I have no interest in taking you through the ways in which we remembered my aunt Mary, or how spent even more time giving bonus attention (middle finger emojis and hearts) to my aunt Julie and the rest of us whom we hardly see. The important point is that the lot of us converged in a rare event of togetherness. We milled about Julie’s house, cooked shrimp, opened Halloween candy and dodged pets while telling a few stories that reminded us of the old neighborhood. Of all the crazy stuff we did as kids and the crazy stuff that we will continue to do.

My aunt Mary, at least her earthly remains, continue to sit in Julie’s house in the green cardboard box that I inappropriately mistook for a Duxbury Creamery container. Apparently, she did not want to be put into the ground. And for me, this is totally fine. Grief and family do not abide by any set of rules, and the beauty of this life is that do what we want with what we’ve got—even if it will never make sense to others or even to ourselves.

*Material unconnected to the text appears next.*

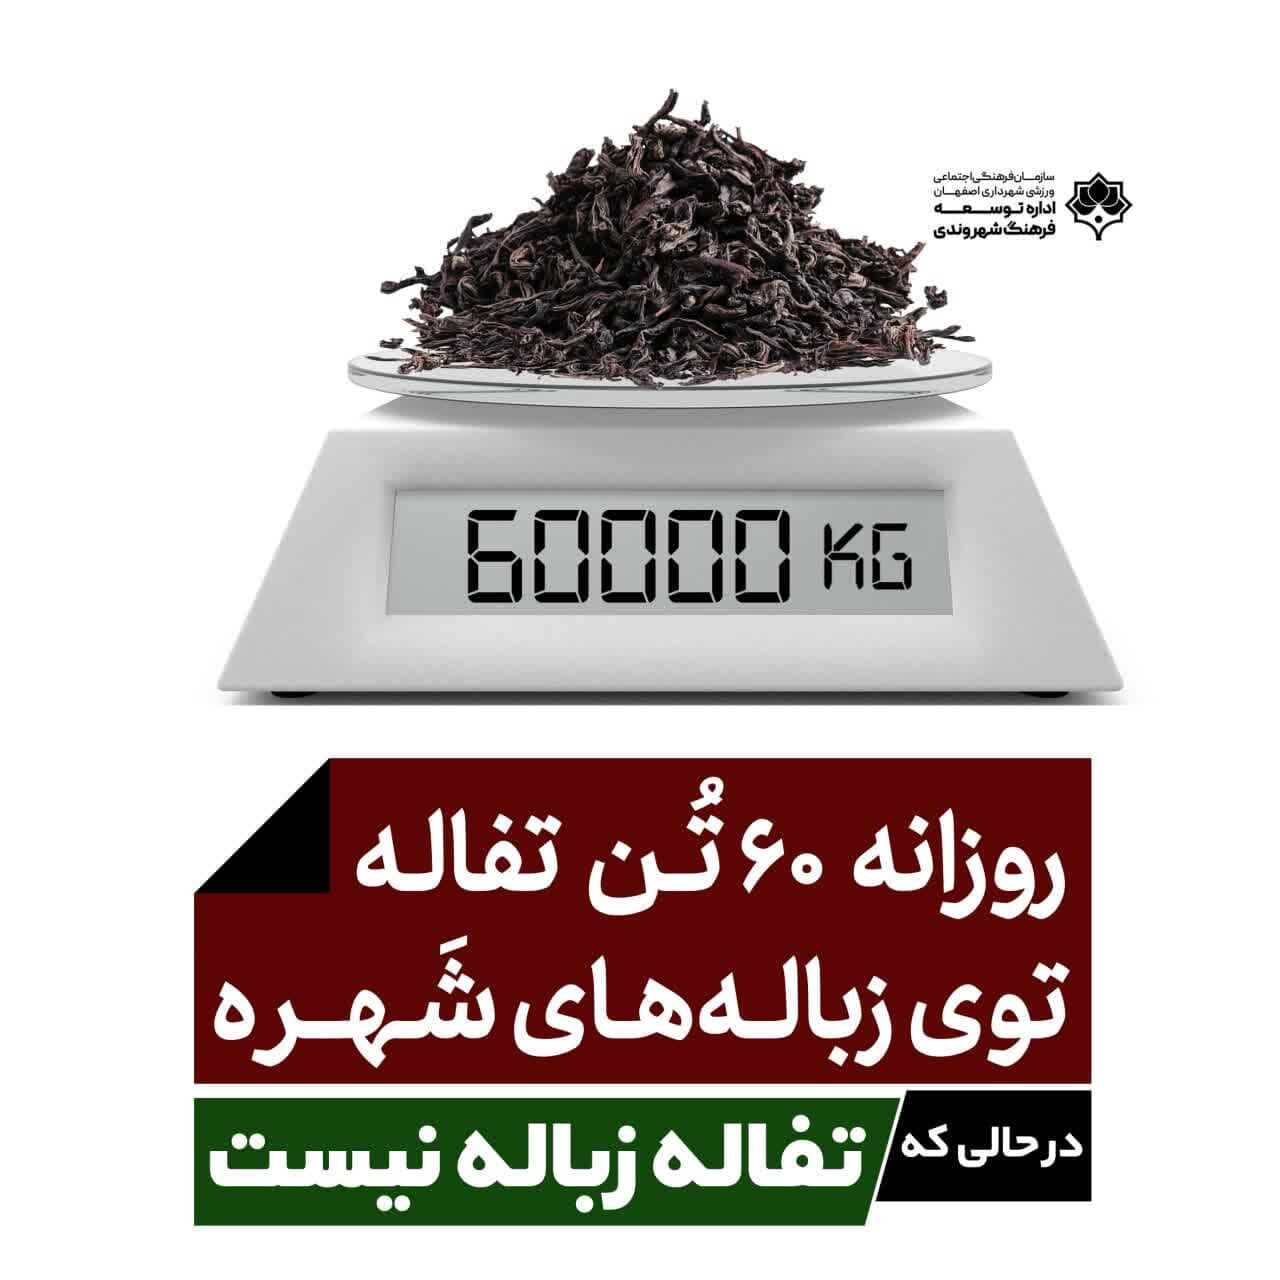 کمپین «تفاله زباله نیست» روی بیش از ۲۰۰ تابلو شهری اصفهان اکران شد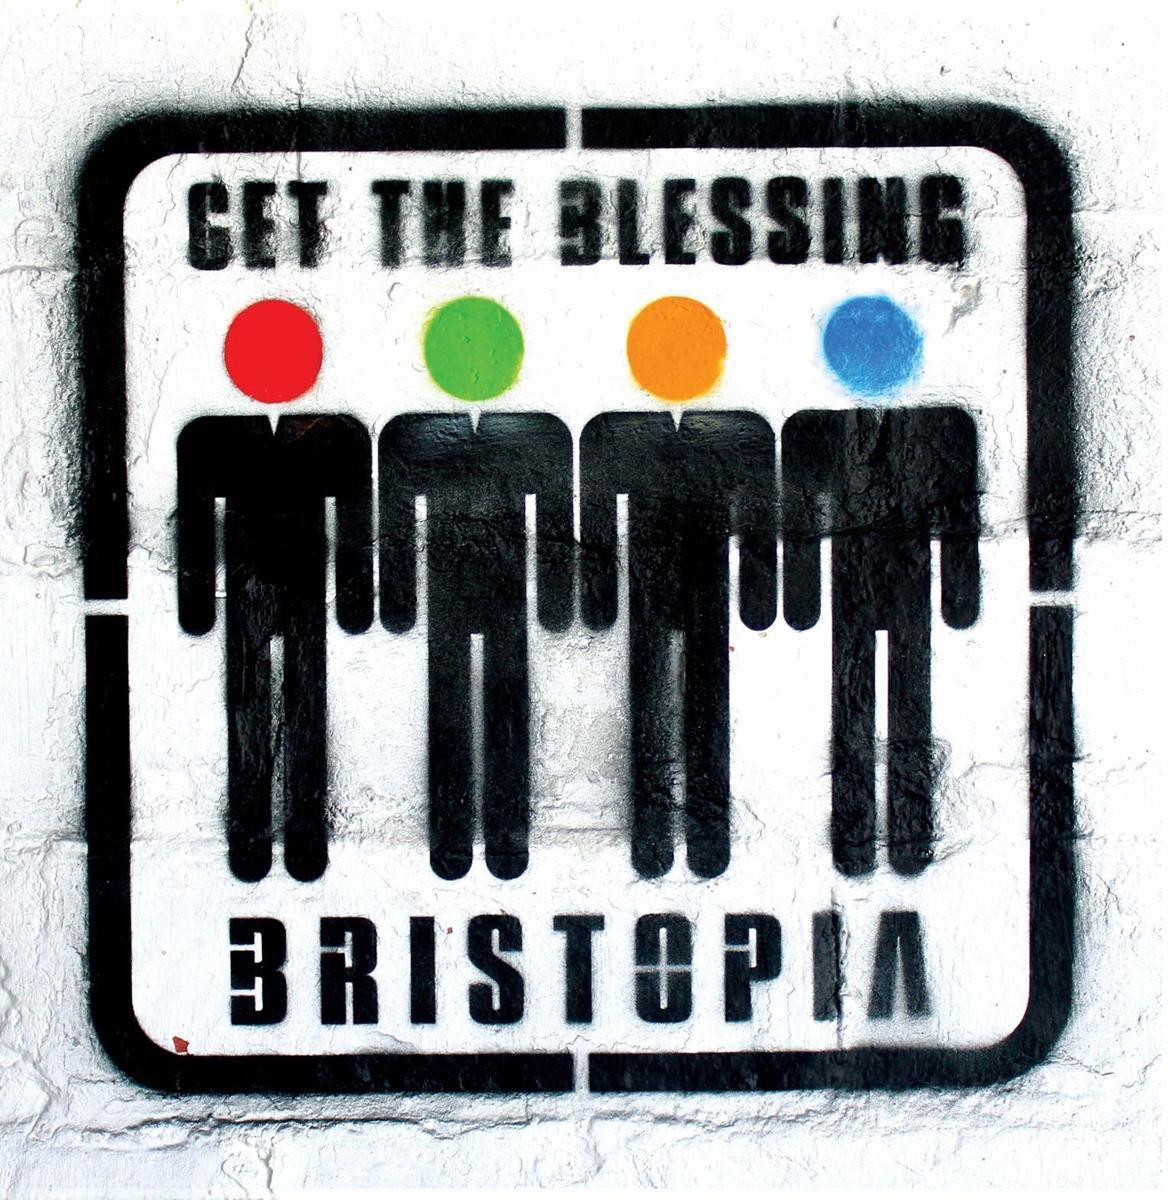 Bristopia (Coloured Vinyl)

While I don’t see my family as often as I would like, I appreciate that I have them around to keep the flame of madness going. I know that sounds a bit crazy—but if I didn’t have them to count on, I fear that I’d suffer from a worse kind of illness. The illness of not belonging anywhere at all, of not having a collective of souls to count on. Ones that will promise to keep you in a box on the counter if that’s what you really want, ones that will take you in when everyone else thinks that the storm is too crazy and hardly worth the venture.